DORA vs ISO 27001 is not a choice between two competing frameworks. It is a difference between a legal obligation and a voluntary certification.

DORA asks whether a financial entity can remain operationally resilient under ICT disruption, third-party dependency and supervisory scrutiny, and it applies regardless of any certificate.

ISO/IEC 27001:2022 asks whether an organisation has built and can demonstrate a working information security management system, inside a scope it chose, to a standard it can be independently certified against.

For EU fintechs pursuing both, the practical approach is one ICT risk and control system, with a DORA-specific evidence view for the supervisor and an ISO 27001-specific evidence view for the certification body, and a named owner who keeps the two from silently drifting apart.

FAQ

Does ISO 27001 certification make an EU fintech DORA compliant?

No. ISO 27001 certification demonstrates a conforming information security management system inside its defined scope. DORA compliance additionally requires a Register of Information, DORA-specific incident classification and statutory reporting, resilience testing that can include TLPT, and direct management-body accountability under Article 5.

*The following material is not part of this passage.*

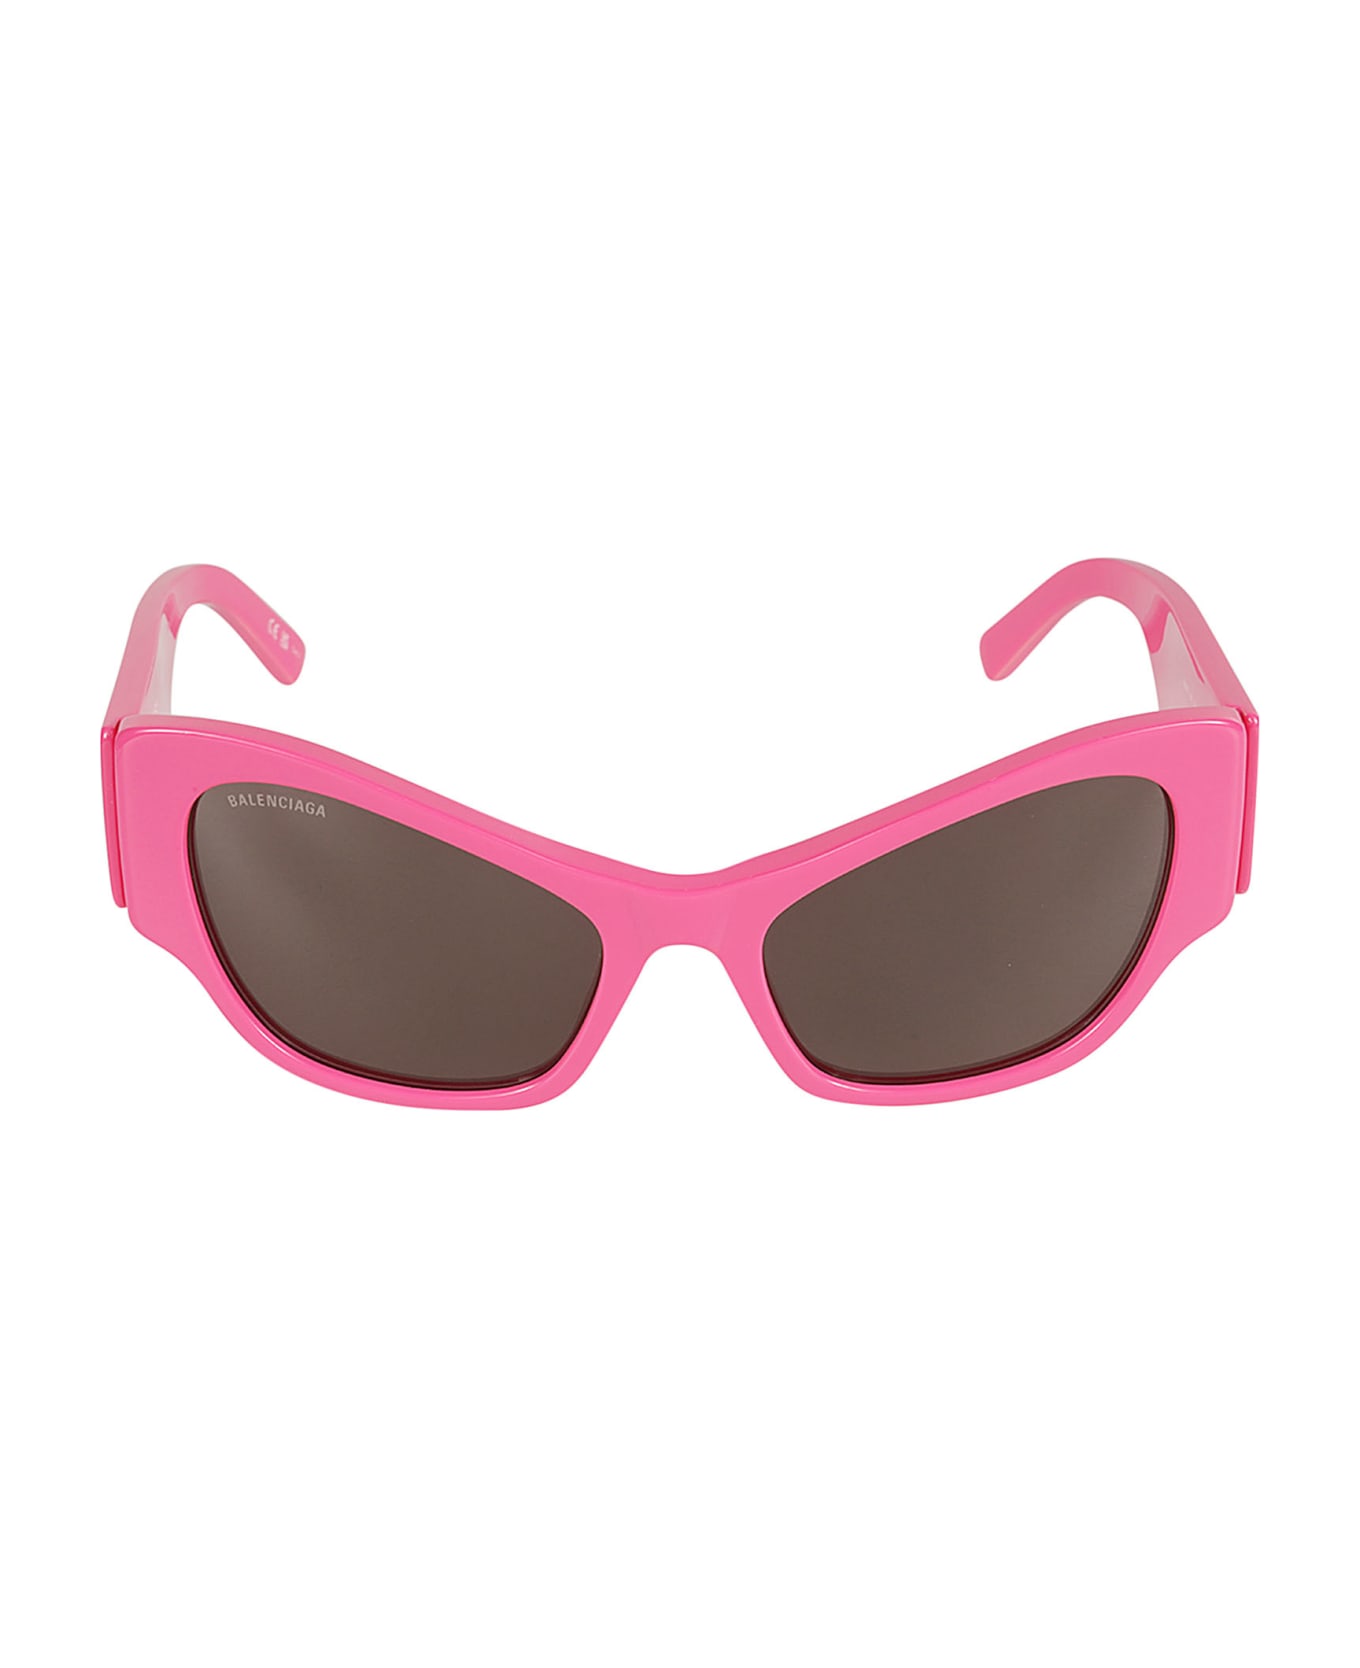 Balenciaga Eyewear Logo Sided Sunglasses - Fuchsia/Grey

Does DORA compliance replace the need for ISO 27001 certification?

No. DORA does not create an ISO 27001 certificate, a Statement of Applicability or a certification-body audit report. A fintech whose customers or partners commercially require ISO 27001 certification still needs to pursue it separately.

Is ISO 27001 certification mandatory under DORA?

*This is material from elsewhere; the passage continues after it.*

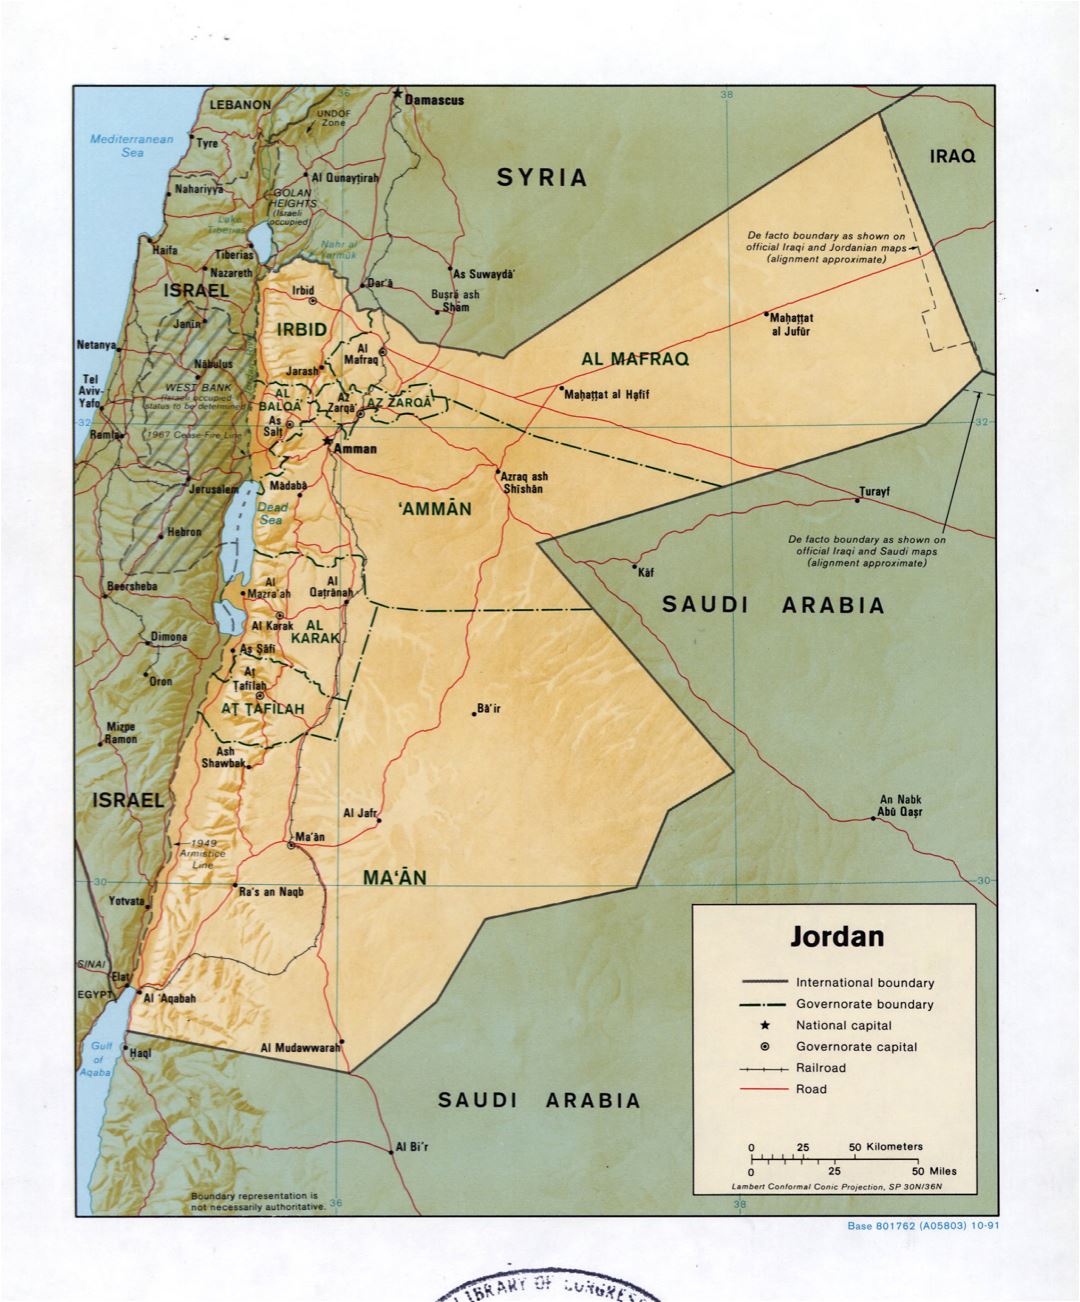 Grande detallado mapa político y administrativo de Jordania con relieve, carreteras, ferrocarriles y principales ciudades - 1991

No. DORA does not mandate ISO 27001 certification. A financial entity can be fully DORA compliant without ever certifying an ISMS, though many choose to pursue certification for commercial or customer-assurance reasons.

Can DORA testing evidence be reused for an ISO 27001 audit, or the other way round?

Partially. Vulnerability assessments, penetration tests and internal audits performed for one purpose can support the other where scope, methodology and independence line up, but TLPT is DORA-specific and certification audits are ISO-specific: neither substitutes for the other.

Who enforces DORA and who enforces ISO 27001?

DORA is enforced by the national competent authority responsible for the financial entity, with administrative penalties available under DORA and national law. ISO 27001 is enforced by the accredited certification body that issued the certificate, which can require corrective action or suspend or withdraw the certificate; there is no government supervisor involved.

Should a fintech pursuing both start with DORA or with ISO 27001?

Start with one ICT risk and control system rather than sequencing two separate projects. Build the Register of Information, incident classification and testing programme DORA requires first if a supervisory deadline is closer, then layer the Statement of Applicability and certification-audit preparation on top of the same control set.